Tal vez no sea muy sabio volver al blog con un post político tras unos meses de abandono terapéutico, recuperación anímica, y descanso, y tras un par de semanas frenéticas empastando lo que podría ser otro exilio laboral que me deje exhausto, repitiendo el ciclo.

Todo parece tener un eterno retorno, y de vuelta a este país, cada vez con menos relación con la narrativa de la recuperación, me encuentro con un gobierno socioliberal gobernando en minoría con el apoyo nacionalista en un momento de implosión del modelo territorial, y con la reticente y resignada connivencia de la izquierda, merced de la sentencia Gürtel que por fin ha cogido masa crítica para ser el Filesa o el Tangentopoli que merecía y arrastrar al gobierno a la oposición.

No es mi intención realizar un relato tan entusiasta como las crónicas de La Página Definitiva, devotos del Rajoyismo y admiradores del sanchismo, ironía mediante (No en Vano le llaman Vacío no por su falta de fondo, sino por su capacidad de lienzo en blanco de Malevich en donde proyectar…cualquier cosa). Su saga merece un repaso:

Nacimiento Político

Su primer pírrico duelo con la nueva vieja izquierda

Su primer Pactómetro postelectoral

Su primer postureo forzado por los barones coqueteando con C’s un gobierno imposible

Un perfil en dónde ya apuntaban hacia su mediocridad académica

La abstención a Rajoy que instó a la ruptura total con el susanismo y el PSOE “histórico”

Su poco transparente intento de perpetuarse como Secretario general y el linchamiento con saña de los susanistas, traiciones de colaboradores mediante, en noches de cuchillos largos. Enfrentamiento que se saldó con una salida en falso y el ascenso del capital simbólico de Sánchez como el último Rojo del socialismo. El hombre que pactó con C’s.

El Retorno de Sánchez, dejando atrás denuncias como las de Salvados contra poderes fácticos, pernsa oficialista, IBEX y demás aliados naturales de su partido, en pos de un pacto de gobierno inverosímil.

Sánchez, Presidente por accidente.

Evidente, lo que más llama la atención es la capacidad para avanzar con los cuchillos clavados de sus correligionarios entre las costillas, desmantelar el relato centrista para vestirse de Largo Caballero resucitado, el más Rojo socialista antisistema, esencia de las bases, para asesinar su máscara a los cinco segundos de recuperar el órganico poder de manos temblorosas de lumbreras como “la máxima autoridad del PSOE, punto” y de animales políticos de guerras internas fajados y aconsejados cuando no arropados por ex-presidentes, como Susana. Tampoco es poca cosa purgar a su anterior equipo no dispuesto a acompañarle al exilio, al recuperar el cetro.

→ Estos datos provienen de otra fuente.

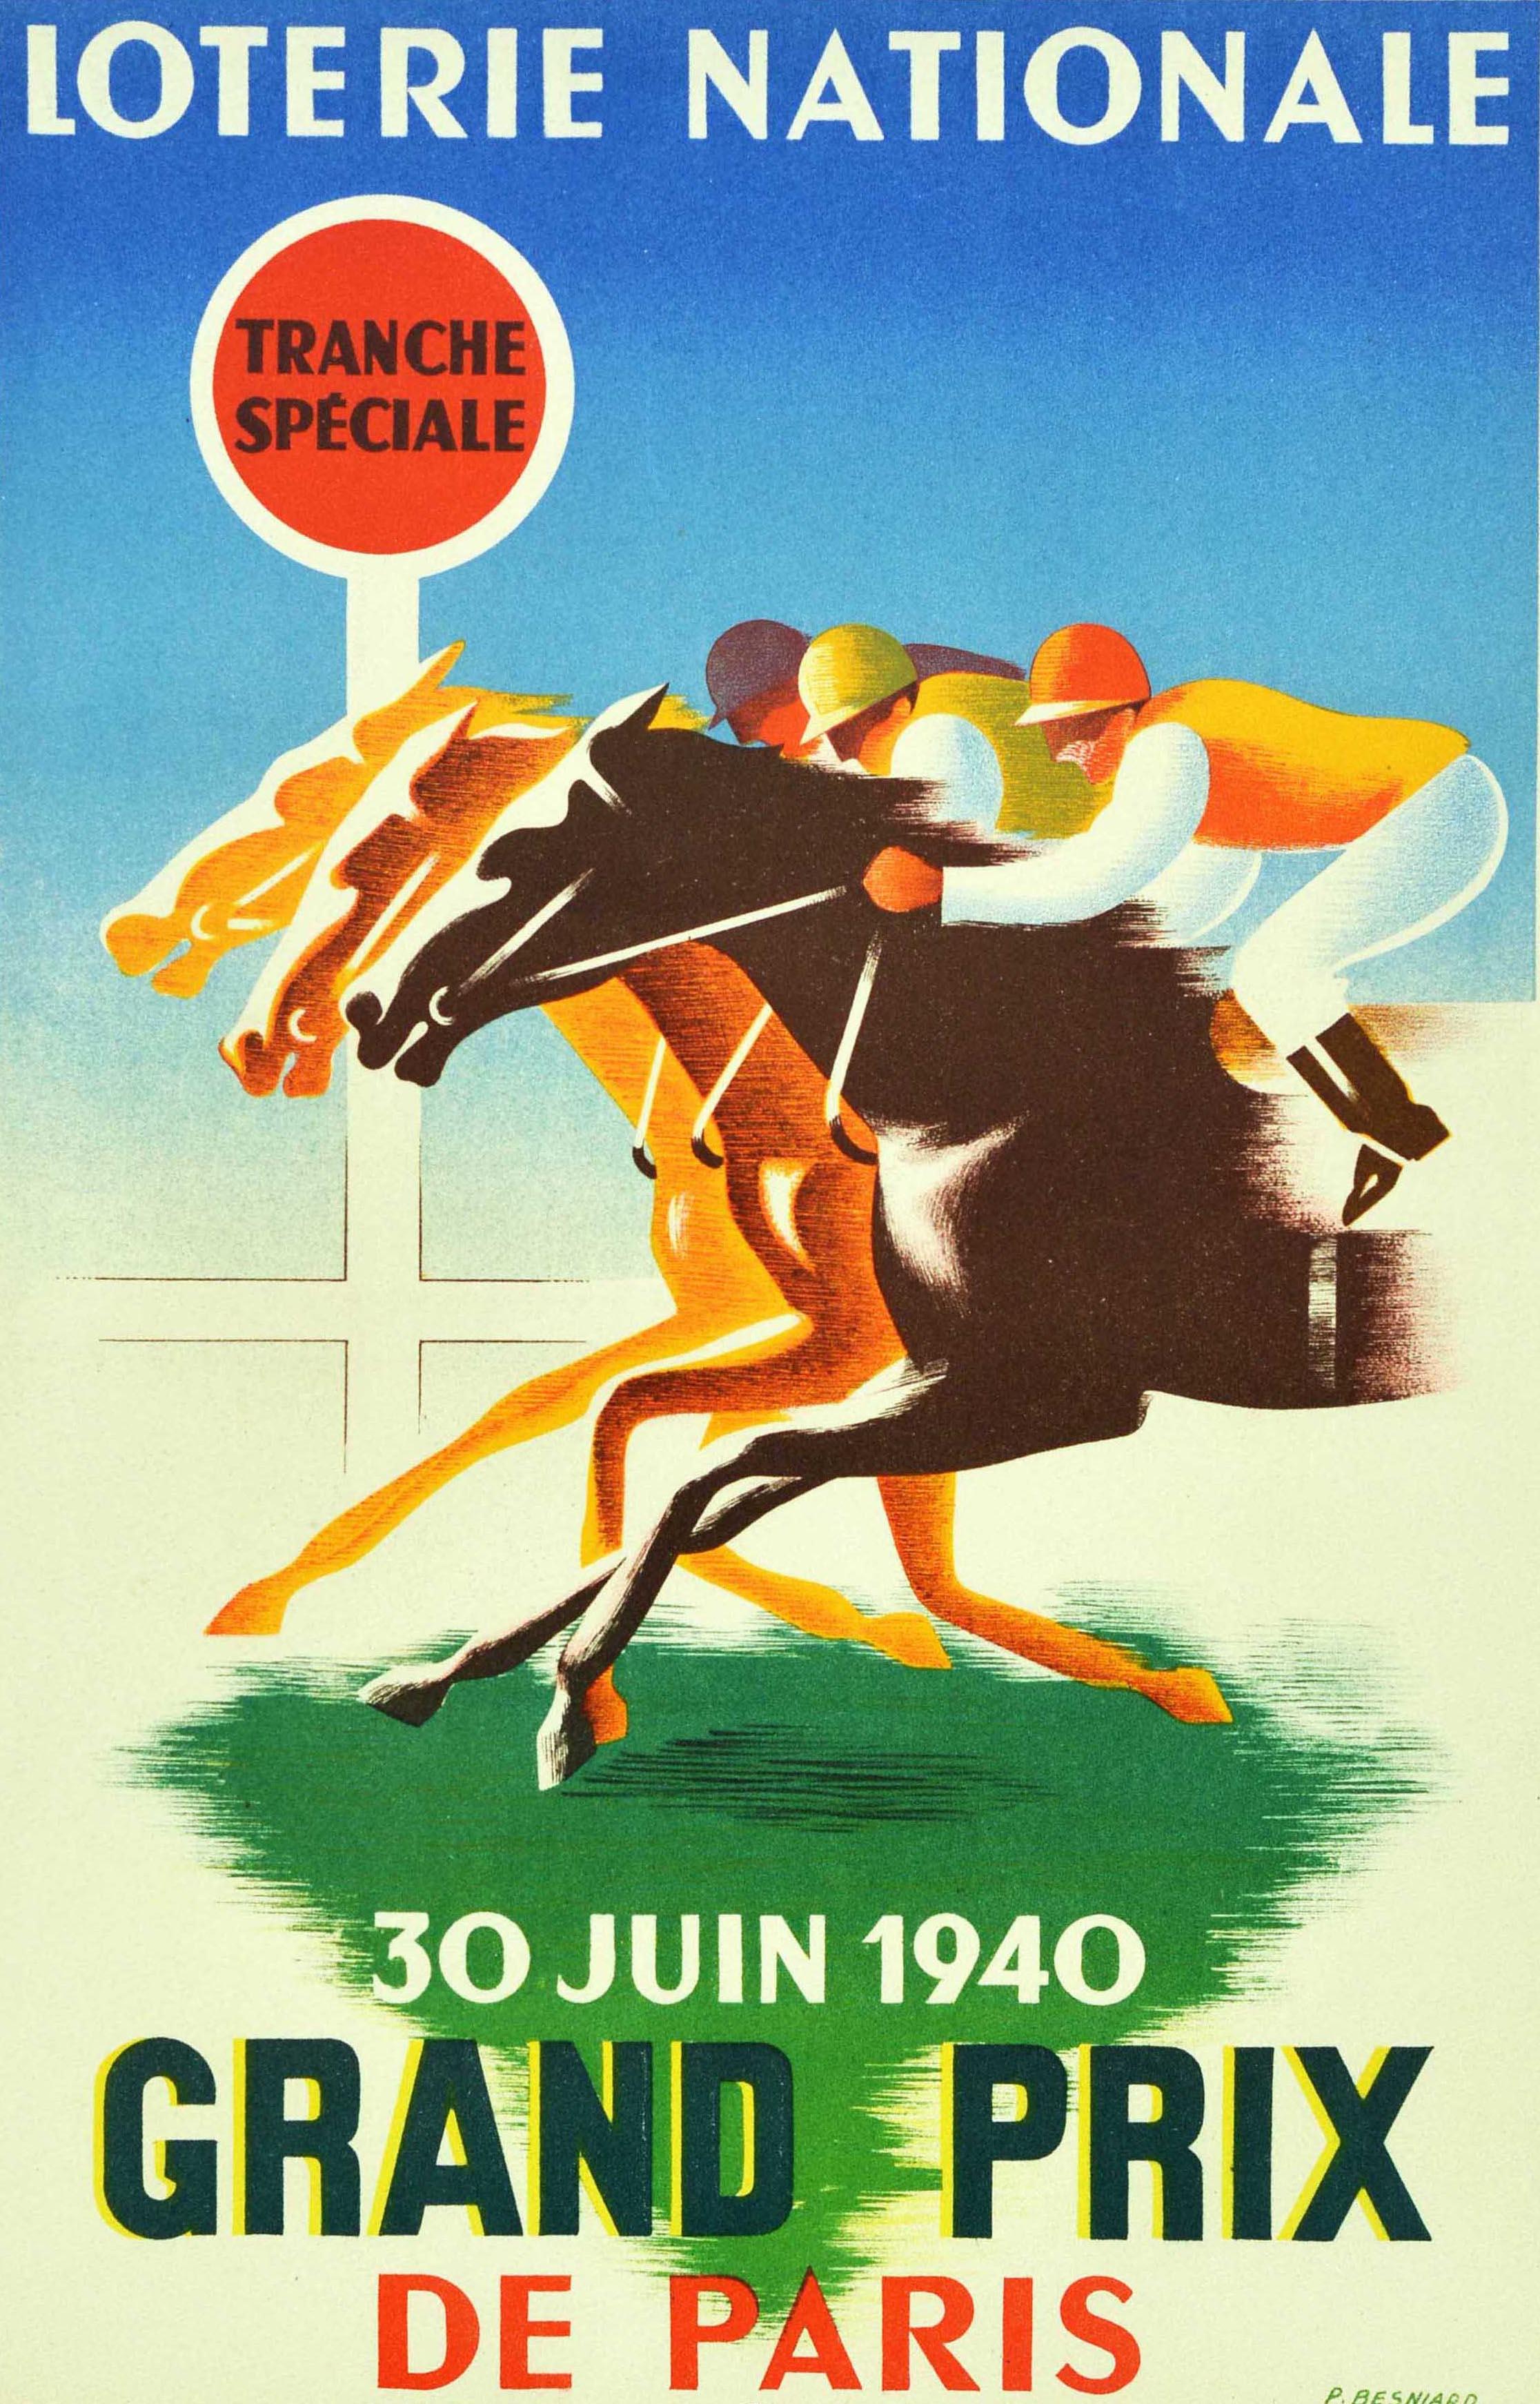 Affiche publicitaire originale d'époque pour la Loterie Nationale Tranche Spéciale Grand Prix De Paris, loterie nationale française du 30 juin 1940, avec un dessin de course de chevaux représentant trois jockeys faisant courir leurs chevaux au

Quizá eso condicionara la formación de un gobierno hecho a golpe de márketing (Màxim Huerta el Breve, Duque, más márketing libre de impuestos), poca preparación (Montón), nula integridad (Delgado, la ministra que compadrea con la extorsión, el abuso a menores o el estupro), sectarismo y realpolitik (Borrell, Marlaska), debilidad (Planas y Ribera, con ministerios vacíos de contenido), tecnócratas impuestos por la UE (Calviño y Montero en lo económico, un perfil bajo como Maroto en Industria) o impotencia (Robles, nobles intenciones pacifistas, cero capacidad para llevarlas a cabo, mínima dignidad para dimitir) o sencillamente inoperantes e inútiles (Valerio en empleo, pero también Ábalos en Fomento, hombre que le cubre las espaldas en el partido, pero que no dispone de margen para construir nada).

Quizás podamos salvar a Calvo en su papel de Soraya Sáez, tal vez a la sustituta de Montón en sanidad, ese ministerio envenenado, a Guirao y Celáa a falta de saber si pondrán orden en la universidad y, cosa harto improbable, se ocuparán de posibilitar la educación pública de calidad, a Batet si consigue apagar todos los fuegos que prende el pirómano Borrell y establece puentes con Cataluña.

De momento, la Reforma Laboral no será derogada, ni lleva trazas de serlo, la solidaridad con las víctimas de la talidomida es cosa de precampaña, los dependientes y los usuarios de salud mental no son votos imprescindibles, la construcción de navíos de guerra seguirá su curso, con la connivencia de un alcalde, Kichi, capaz de reprochar a Iglesias la incoherencia personal de su elección inmobiliaria, pero no encuentra inconveniente en apoyar la construcción de armamento letal, mostrando tanta flexibilidad en los principios propios como rigidez con los ajenos, en pos de su supervivencia política. Shipbuilding, decía la canción de Robert Wyatt.

Y eso con poco más de 80 diputados, y haciendo ingeniería parlamentaria para saltarse el veto del senado al techo de gasto y poder aprobar SUS presupuestos, que habrán de ser al menos igual de expansivos que los de Rajoy, y todavía más generosos con las autonomías con poder de chantaje.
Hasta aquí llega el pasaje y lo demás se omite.